4. When People Joke about Serious Stuff. Child abuse, in any form, is not something to joke about, no matter where you are, no matter who you are, no matter what your history. You never know who in the room you might be seriously upsetting. And if you don't care, then that's another thing you need to work on!!!

5. Whining and complaining about your situation yet refusing to do anything to make it better.

So, I'm making mine better. With Yoga, better eating, a date night coming up (i hope!) and in general staying out of the way of intolerant, arrogant know it alls.

Thanks for reading the vent. And if you see yourself in any of the above, please don't wait for me to tell you to your face that you need to work on it. Just start working on it, OK? Cause I'm really tired of it. And I'm also tired of being cooped up in a house with a kid who is recovering from Mono and having all of our friends afraid to hang out with us because he *may* be contagious. Speaking of Philip, he is much better btw, thank you for your thoughts and prayers and comments. He is still tired, but much better.


5 comments:

Hannah said...

Re: #1. I am tempted to tease you, gently and sweetly, about being intolerant of intolerance, but that might make you madder, so ... I will just say that I agree with you, of course. AND, I have a great story for you along these lines. Short version: Guy in my raw-milk co-op, which I host, has TWICE now come to my house (yes, MY HOUSE) for his milk and reprimanded me for #1)having a full trash can on trash pickup day, and #2)using canola oil, (he saw the empty bottle in my recycling bin) which in his infinite knowledge is horribly toxic. Apparently I'm supposed to be using the much-more-expensive coconut oil AT ALL TIMES.
;-)

Janine said...

{{{Tracee}}} I hope you are feeling better now that you got that off your chest. :-)

Tracee said...

I get it Hannah, and it's ok to tease me about it. That's the hardest part, knowing that I am such a judgemental person. The first step to change is awareness...I'm working on it. :)

Anonymous said...

{{Tracee}} You know what? Good for you for saying excatly how you feel in your blog. I often censor myself and actually just chose not to post on a topic that i thought might be offensive to some. I also thought about making a private blog for just me. I'm still thinking about it...hugs to you and the boys...I'm really glad that Philip is feeling better. Now go schedule a date night!

Unknown said...

Tracee, I can relate to some of this. I have changes of my own I need to make. I can dwell on the changes I haven't been able to stick with, but then I can remember some changes I have made. I bet you can too. I bet if you look back to five years ago there are areas in which you have improved.

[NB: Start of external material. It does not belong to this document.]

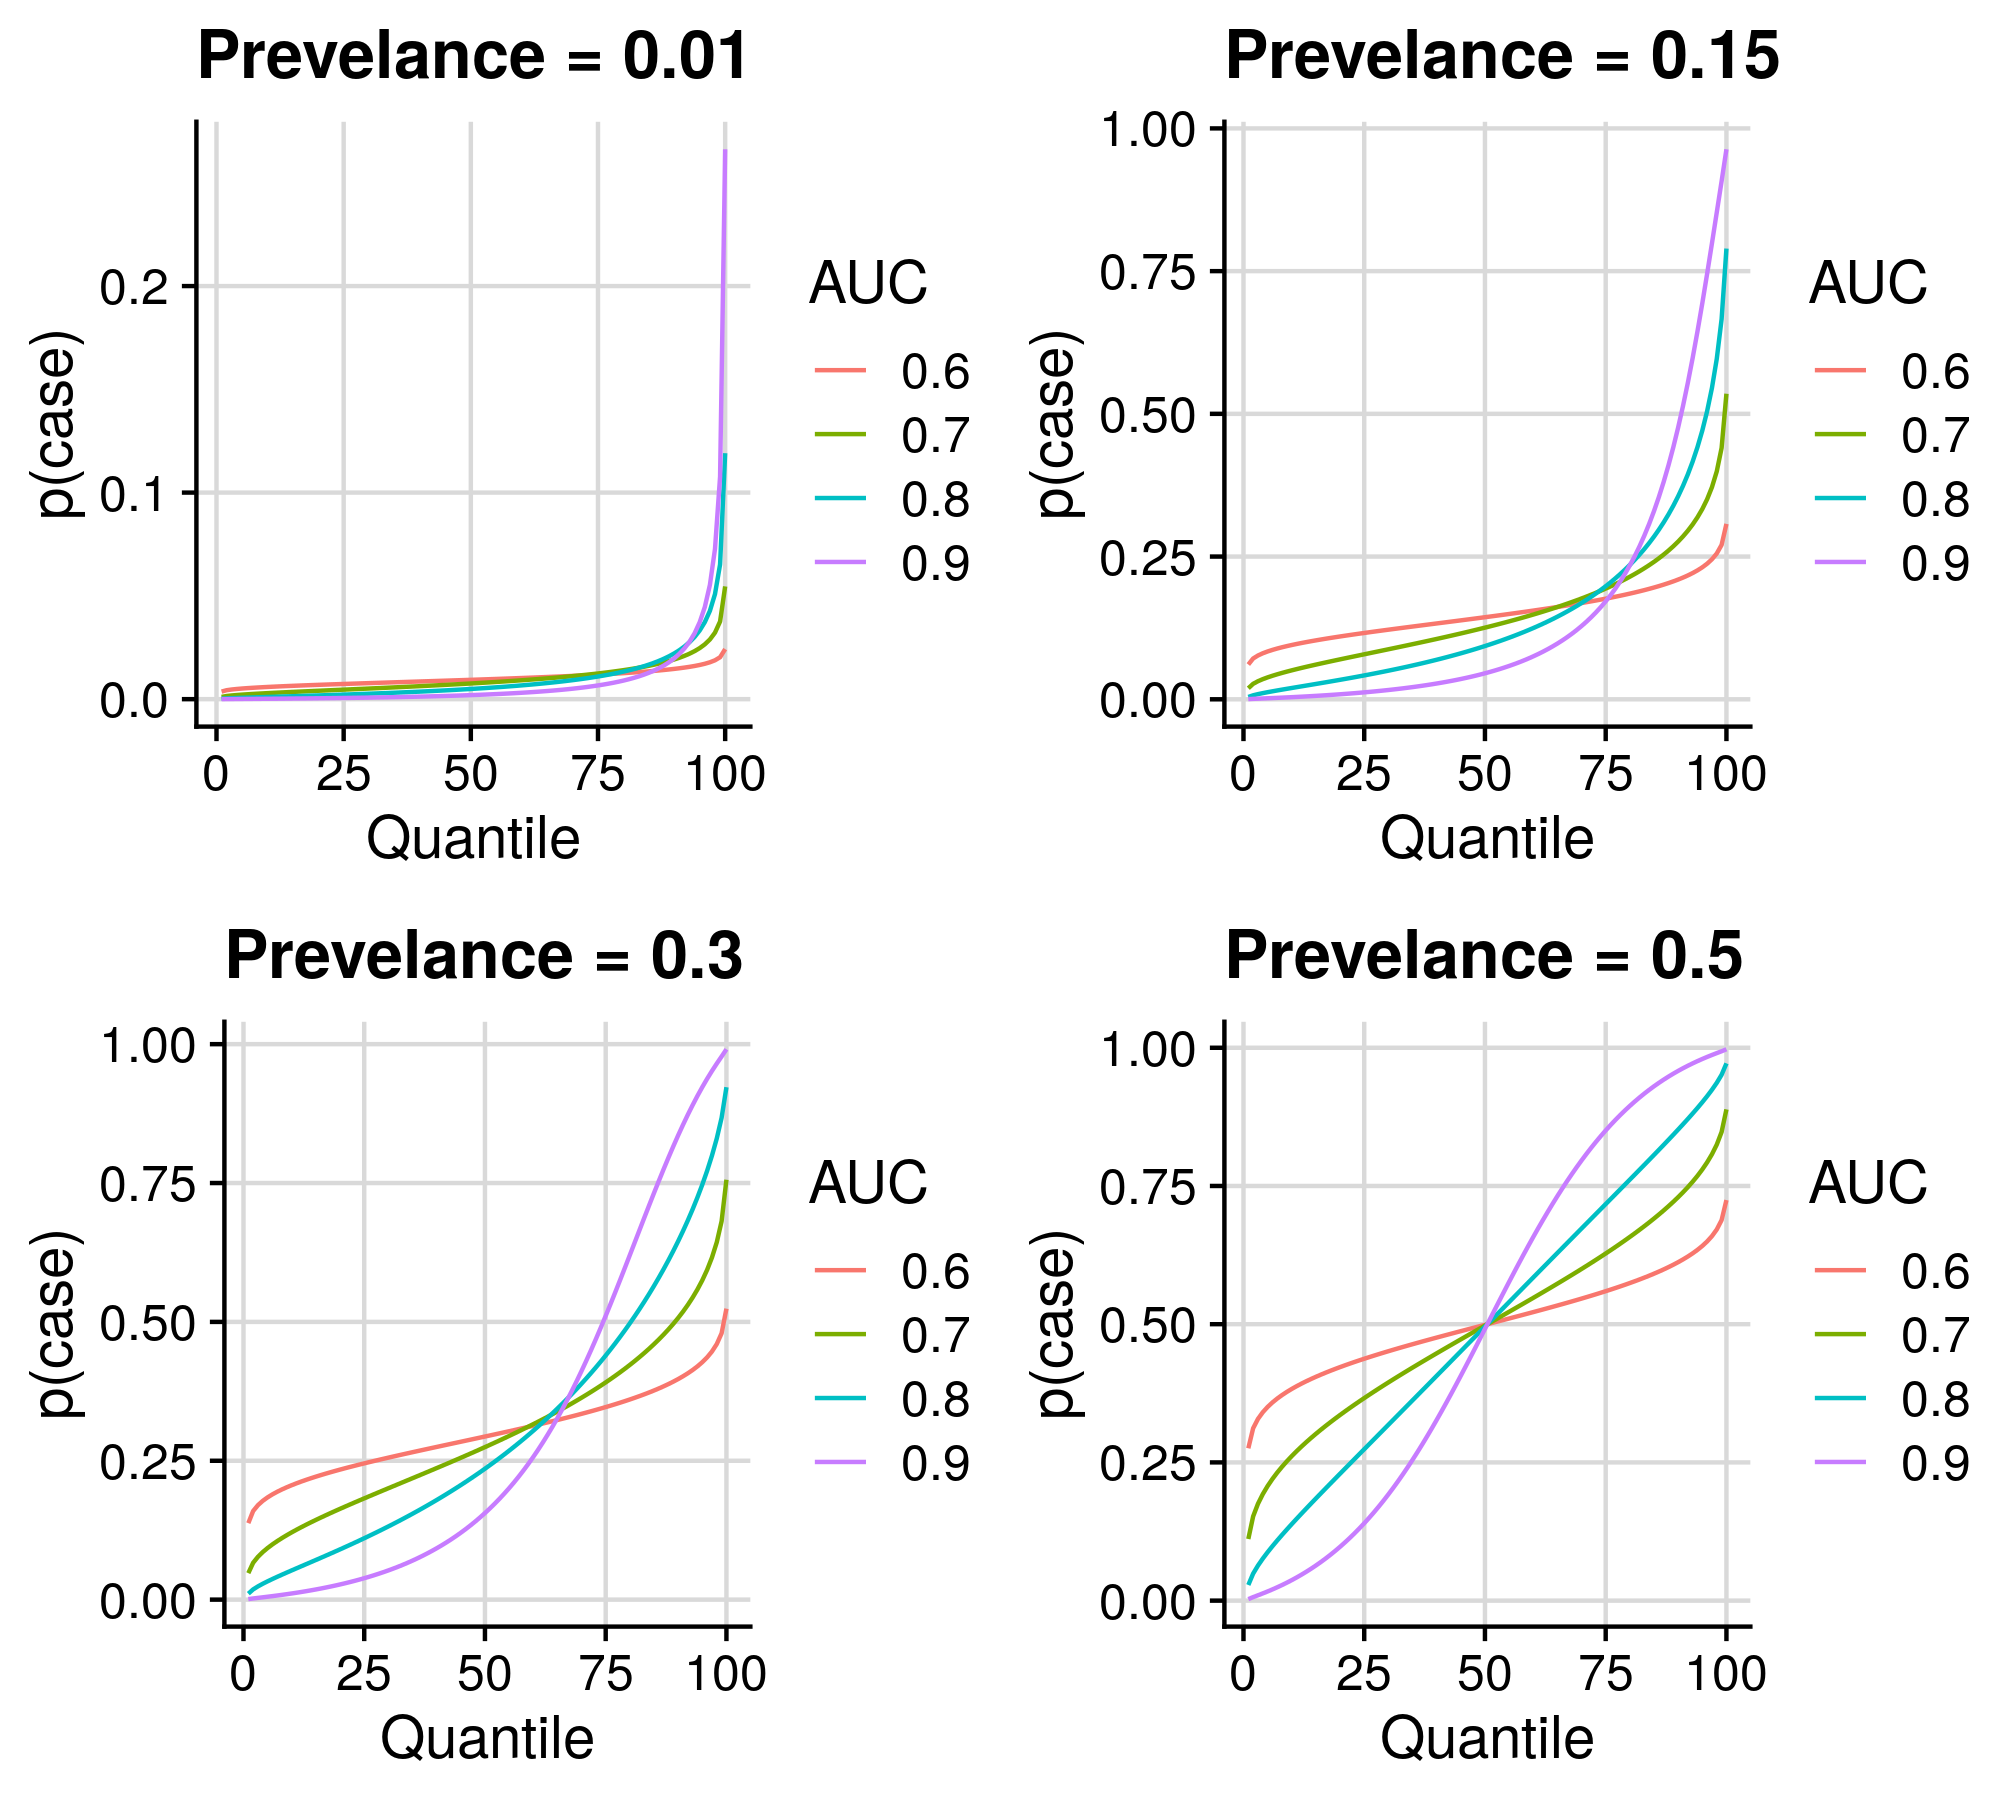 Proportion of Cases within Polygenic Score Quantiles across AUC and prevelance

I'm glad you didn't censor yourself. It's good to get these things off your chest and share. Even though I can't talk because I self censor a lot of what goes out online.

I saw your post on family playtime. I am sending positive vibes to Evan. I'm also sending them to your whole family. I can only imagine how rough it is to be confined to home for a good long period of time with a bunch of sick people.